One of this fundamental abstractions is a Functor. If your datatype is a functor, you can map a function over it. Nothing more, nothing less. For example, an array or list is a Functor where you apply a function for each element (you may know this from Java streams or JavaScript Array.map). In Haskell, this works over any datatype that "contains" other data. So let's define such a datatype - note that we leave the type of data in the tree abstract, in the Java example it was int:
module Main where
data Tree a = Leaf | Node (Tree a) a (Tree a)
This declaration is fundamentally the same as the Node class in the Java example. Just instead of null we use Leaf to signal empty children and we did not name the data left, value, right, but just put them in that order.
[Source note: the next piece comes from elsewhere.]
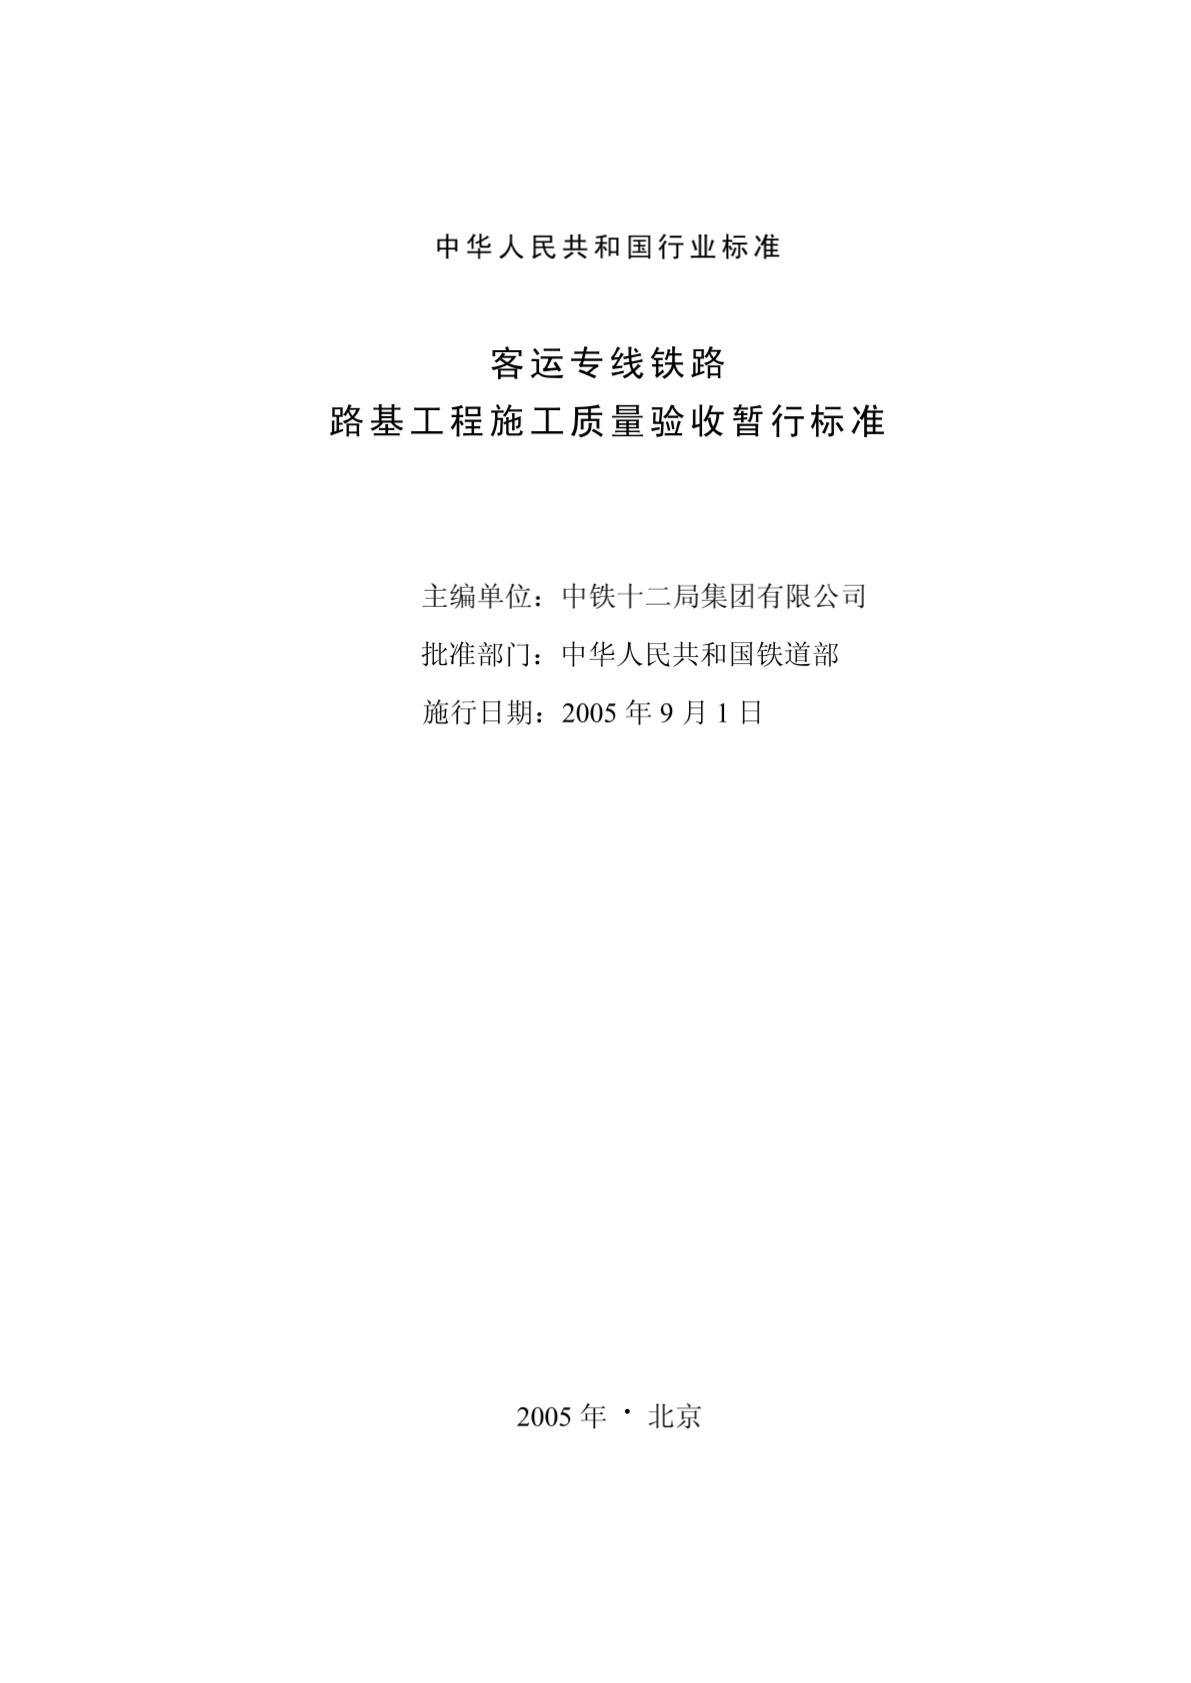 中华人民共和国行业标准-客运专线铁路路基工程施工质量验收暂行标准-图二

So, now back to functor: The compiler is able to automatically generate the code you would need to implement this mapping. All you need to do is to enable that feature and use the deriving clause.
{-# LANGUAGE DeriveFunctor #-}
module Main where
data Tree a = Leaf | Node (Tree a) a (Tree a)
deriving Functor
This would already allow us to increment all nodes in the tree by one for example:
incrementNodes :: Tree Int -> Tree Int
incrementNodes tree = fmap (+1) tree
But now we would like to map and collect at the same time. We solved the first half, let's do the second half. For collapsing a structure down to a singular value, there is the type class Foldable that requires your data to be a Functor already. Again, array and lists are foldable, and it works just like collect in Java 8 and Array.reduce in JavaScript. And again, this can be automatically generated by the compiler for you:
{-# LANGUAGE DeriveFunctor #-}
{-# LANGUAGE DeriveFoldable #-}
module Main where
data Tree a = Leaf | Node (Tree a) a (Tree a)
deriving (Functor, Foldable)
Now we could calculate the sum of all nodes for example:
sumNodes :: Tree Int -> Int
sumNodes tree = foldr (+) 0 tree
Now to the last step: mapping and folding in one. For this we need another abstraction - Traversable. This class allows to map and also simultaneously keep track of some "side effects", but needs your data to be Foldable already. For example we can keep track of some local state - the current sum. And like the classes before, the compiler can generate it automatically for us:
{-# LANGUAGE DeriveFunctor #-}
{-# LANGUAGE DeriveFoldable #-}
{-# LANGUAGE DeriveTraversable #-}
module Main where
data Tree a = Leaf | Node (Tree a) a (Tree a)
deriving (Functor, Foldable, Traversable)
With all this in place, our final solution is pretty simple:
solve :: Tree Int -> (Int, Tree Int)
solve tree = mapAccumR (\a b -> (a + b, a)) 0 tree
mapAccumR is a function from the Haskell standard library that is defined like this:
mapAccumR :: Traversable t => (a -> b -> (a, c)) -> a -> t b -> (a, t c)
mapAccumR fun init x = runStateR (traverse (StateR . flip fun) x) init
This exact definition is not that important, just see that in the inner parenthesis it uses StateR to make your function behave like a side effect. Then it uses traverse to combine the stateful effects in the right order and runStateR then executes them one by one.
Java required us to write a toString method by hand. In Haskell we can again use the compiler for this by deriving Show. So with a main method to make everything runnable, our complete code for the puzzle is just:
{-# LANGUAGE DeriveFunctor #-}
{-# LANGUAGE DeriveFoldable #-}
{-# LANGUAGE DeriveTraversable #-}
module Main where
data Tree a = Leaf | Node (Tree a) a (Tree a)
deriving (Show, Functor, Foldable, Traversable)
solve :: Tree Int -> (Int, Tree Int)
solve tree = mapAccumR (\a b -> (a + b, a)) 0 tree
testTree :: Tree Int
testTree =
Node
(Node
(Node Leaf 1 Leaf)
2
Leaf
)
5
(Node
(Node
Leaf
6
(Node Leaf 6 Leaf)
)
7
(Node Leaf 8 Leaf)
)
main :: IO ()
main = do
let (sum, tree) = solve testTree
print tree
Conclusion
As you can see if the compiler has your back, you can severely cut down the number of lines of code. More code always means more bugs, so everything we do not have to write ourselves is good.